Although, I do like your comment about scale. If you have a system that's 99% successful, then if you apply it to everyone in the US then you're failing 3 million people. That's a problem.

Of course, your system might be mechanical OR it might just be a group of people each one just "doing their job." From a result oriented point of view, you might end up with a mechanical system that oppresses less people than a people system.

I don't feel good about either one, but I also don't feel good about causing wide scale misery because at least it's people screwing over other people instead of a machine screwing over people.

[Of course it's worth noting that I don't trust the technology at all. It's just that I also don't trust the human solution that it claims it can replace.]

Suppose someone, for example a depressed person, wants to use it to monitor their emotional state and use various automated responses like notifications or distractions to help maintain an emotional state they want?
I think this viewpoint is limited. Sometimes reading peoples' emotions can be an extremely good thing.

I am aware of a healthcare company which currently has a model in production which alerts healthcare providers if a person displays suicidal intent. They have several confirmed instances deaths being prevented because of the interventions taken due to alerts from their model. While I don't think ML should be used to manipulate people's emotional states, I think this is a case where having a model that can read people's emotions is a good thing.

The funny thing is that by totally banning "anything that purports to read people's emotions" you also ban research that would help people. For example you need to train models to detect race in order to make sure there are no racial biases in another model you want to deploy.
> Regulate how?

make a committee to vote to fund a study to create a subcommittee to vote to fund a study on something from a decade ago with a small, non-representative sample size, reaching predetermined conclusions that justify the need for the committee and all related subcommittees, instead of getting anything done.

y'know, government.

The author is not writing down action items after a meeting.
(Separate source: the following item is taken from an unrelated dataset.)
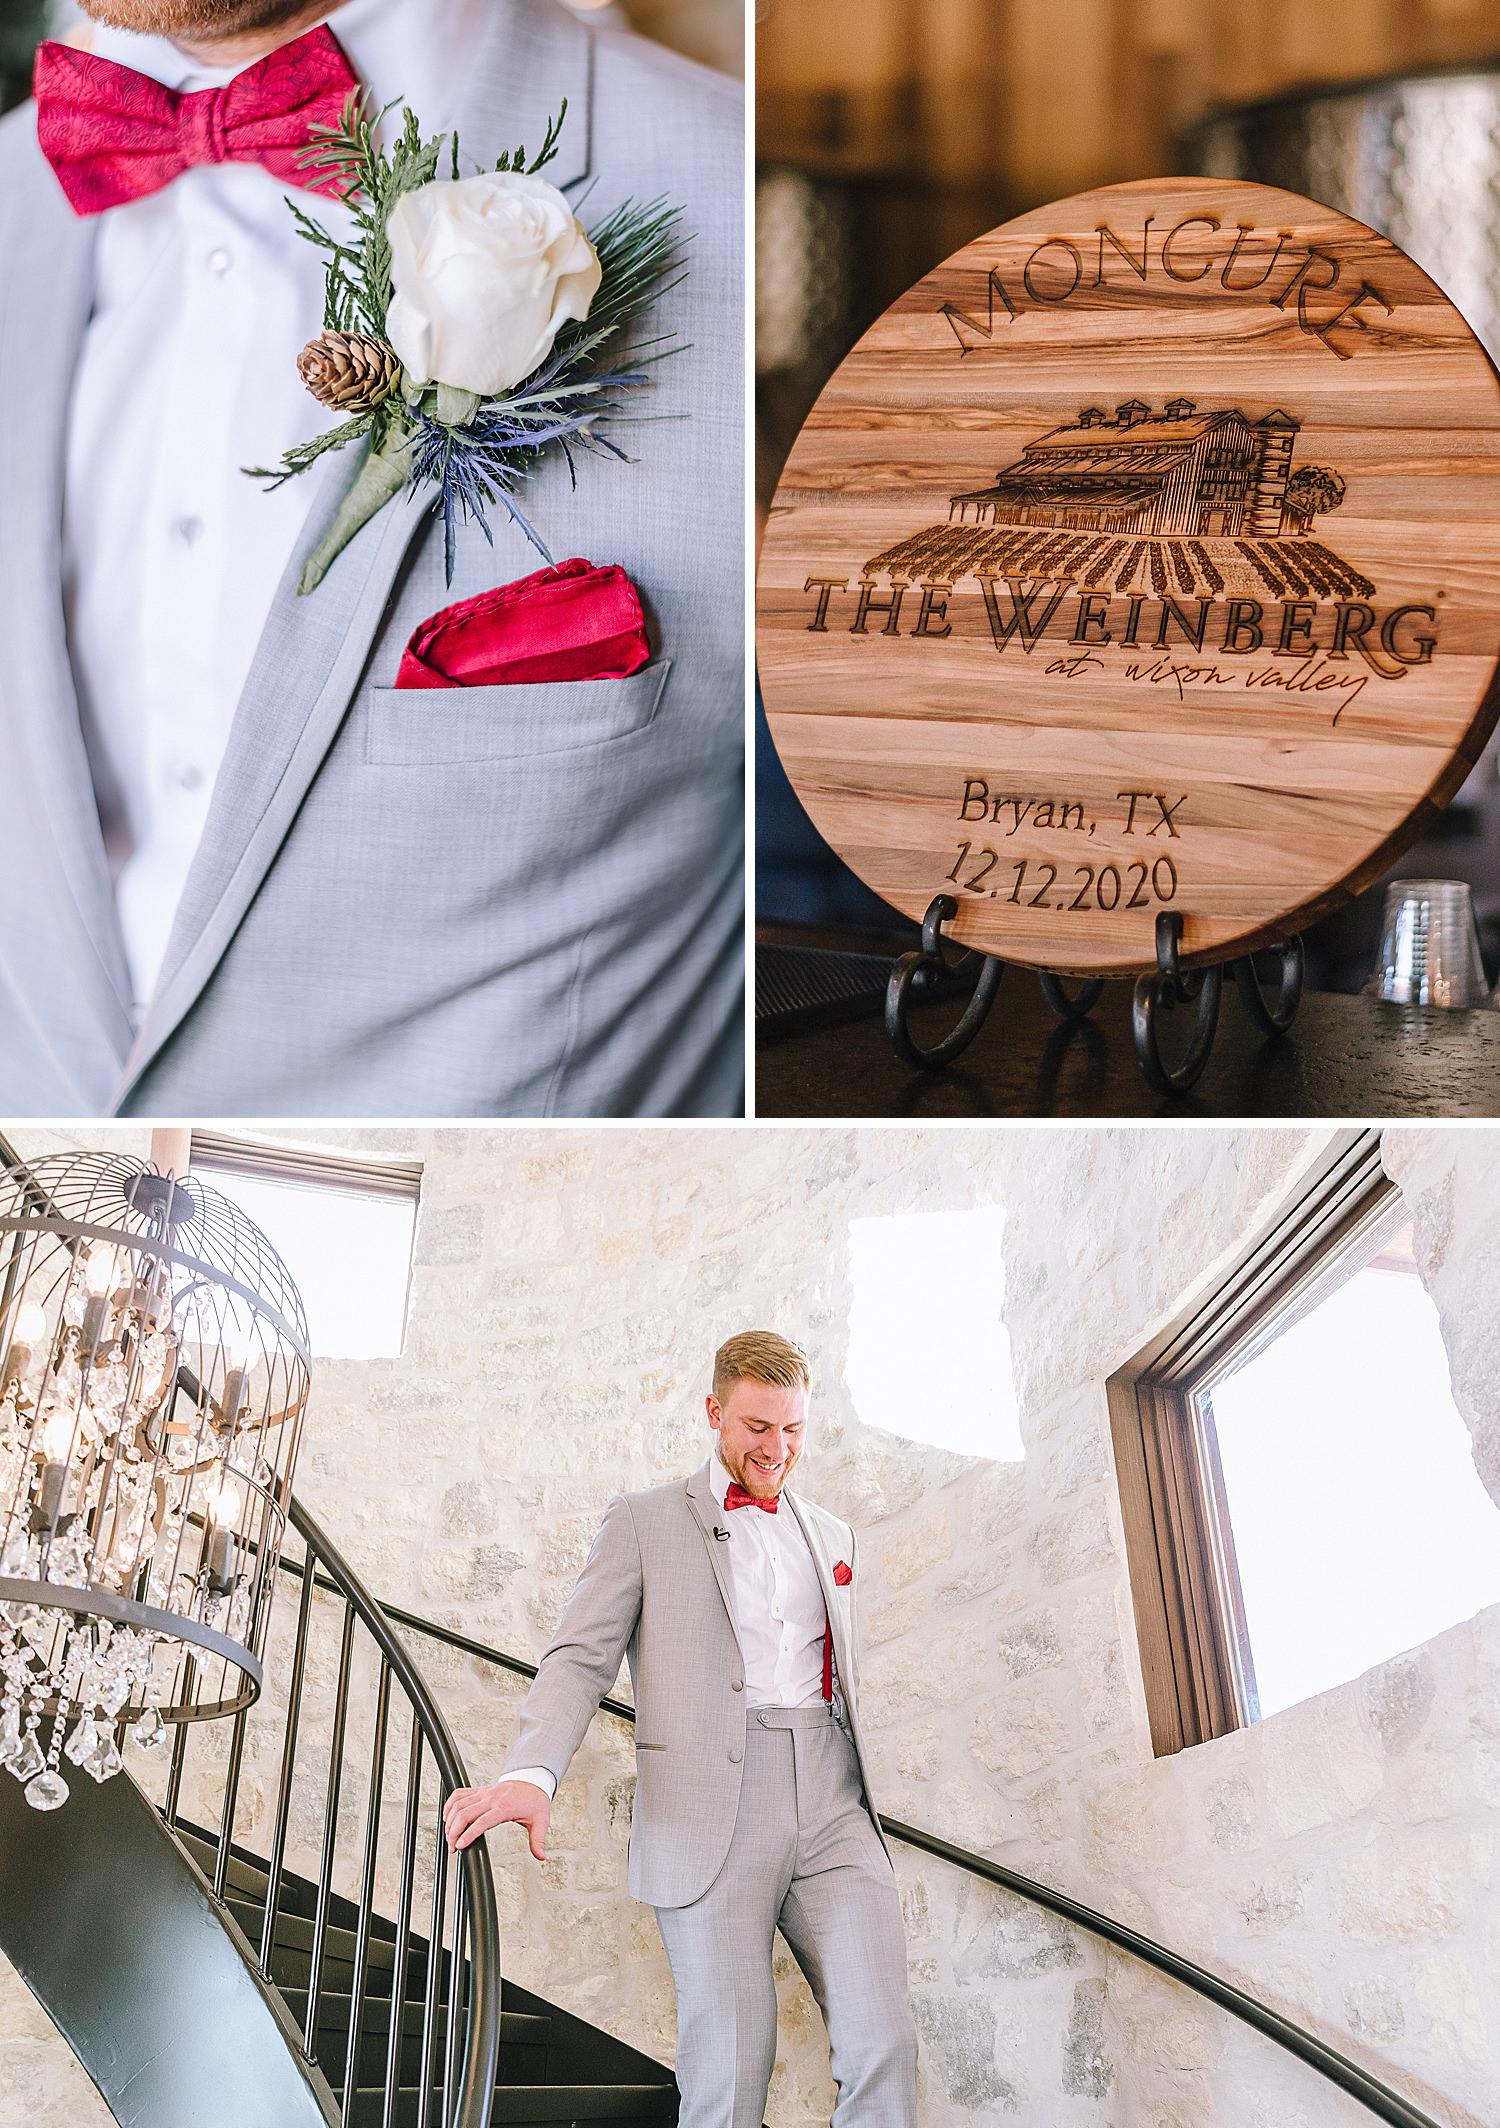 College-Station-Aggie-Wedding-The-Weinberg-at-Wixon-Valley-Christmas-Hallmark-Wedding_0020.jpg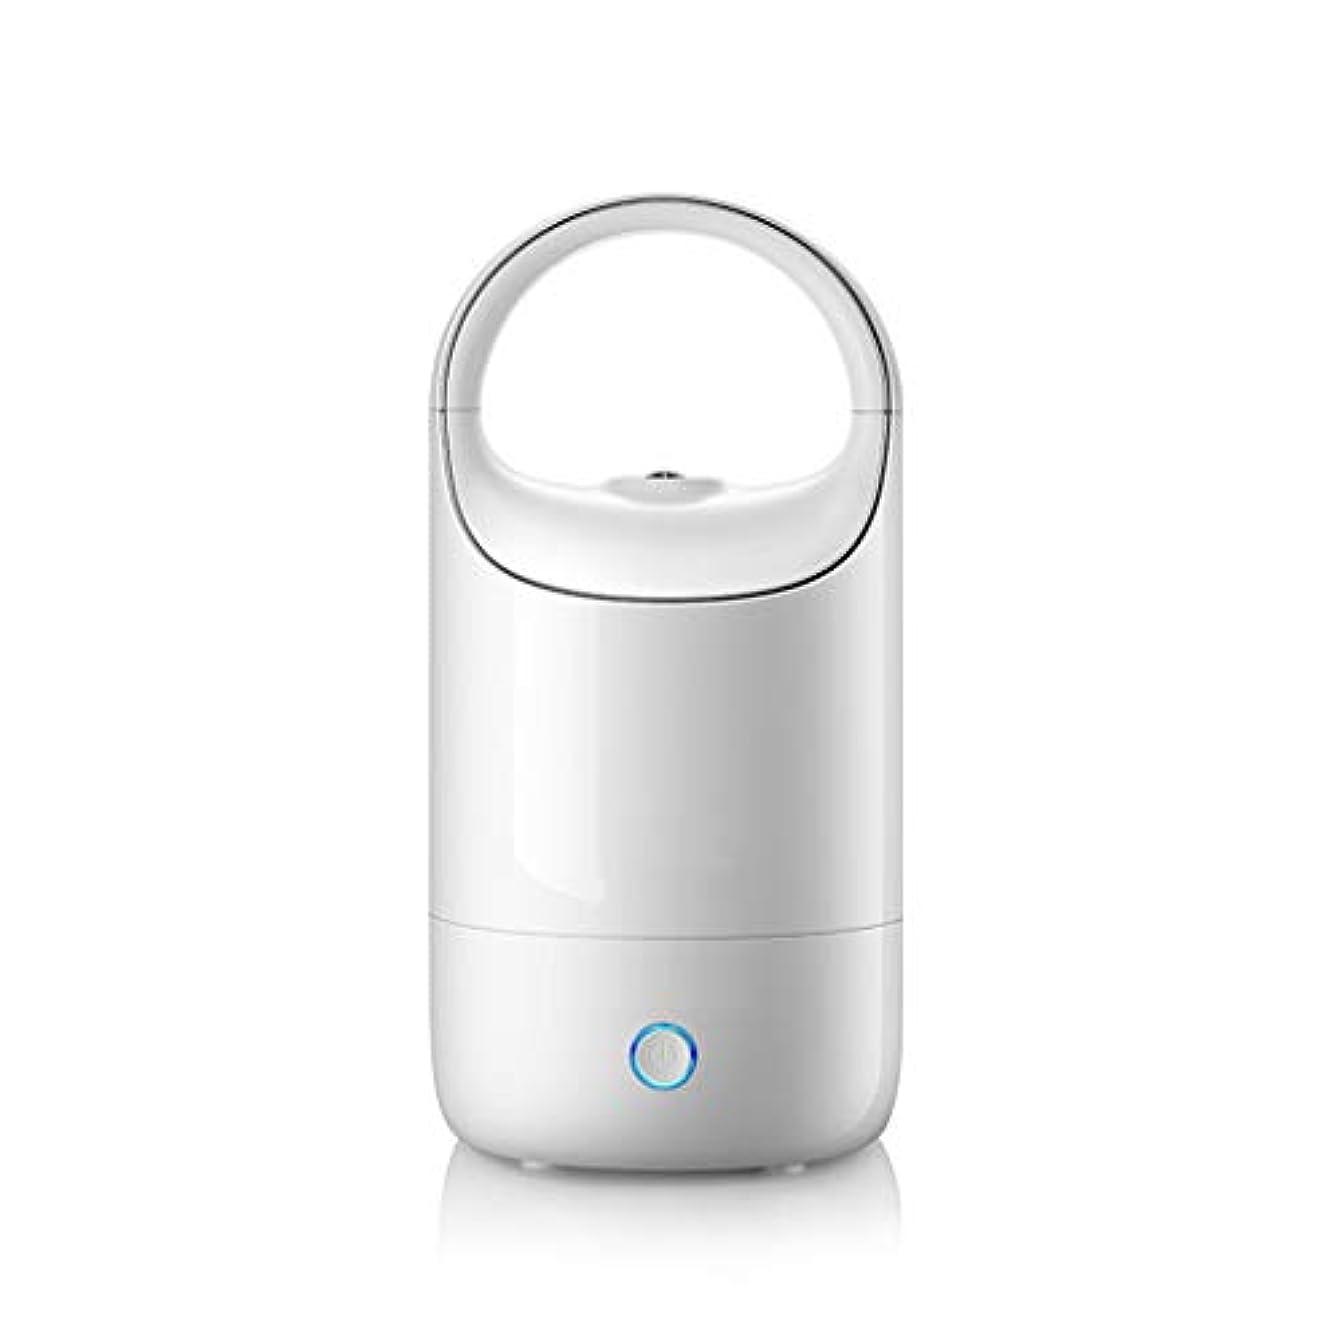 広がりボイラー会話型空気加湿器ホームサイレント寝室妊婦赤ちゃん空気霧大容量ディフューザー (Color : White)

It's the job of politicians (presumably) to draft up policy. Activism groups also push for specific regulation sometimes.

But stating your policy opens up another angle of attack: those who wish to undermine your ideas can attack your implementation rather than the concept.

It's at best sloppy to just say "this needs to be regulated, but I can't be bothered to suggest even one possible regulation that would fix anything I find so objectionable." The author has a doctorate and works at Microsoft Research on AI. If she thinks it should be regulated (which is absolutely a fair position to take) I'd much rather have her be the one suggesting regulations than some 80 year old lawyer who's been in Congress since the civil rights era or some special interest lobbyist.
Her understanding of AI does not translate to an understanding of how a society runs or how laws should be made. If anything, many people overgeneralize their expertise at one task to suggest bad solutions to problems from other domains. Especially engineers and PhDs.

I agree that she's still better than most US politicians. I have some faith in politicians from Western Europe to do half the correct thing, or at least not be swayed by arguments coming from money too much. Not that much faith, but still..

If someone wants to make an argument "this needs to be regulated" then they need to assert that the benefits of doing so outweigh the drawbacks. The article does not really do that; it points out a class of potential harm, but it does not try to present an reasonable argument that regulation is likely to succeed in preventing that harm; and the balance of pros vs cons can't even be discussed without at least some general idea about what kind of regulation we're talking about.
> those who wish to undermine your ideas can attack your implementation rather than the concept.

Yeah, it's frustrating when people do this. But if you want to have real solution at the end of the day, then you'll need to hammer out all of your implementation issues.

If you produce an implementation that is flawed, then people will be able to evade the spirit of your regulation rendering it useless.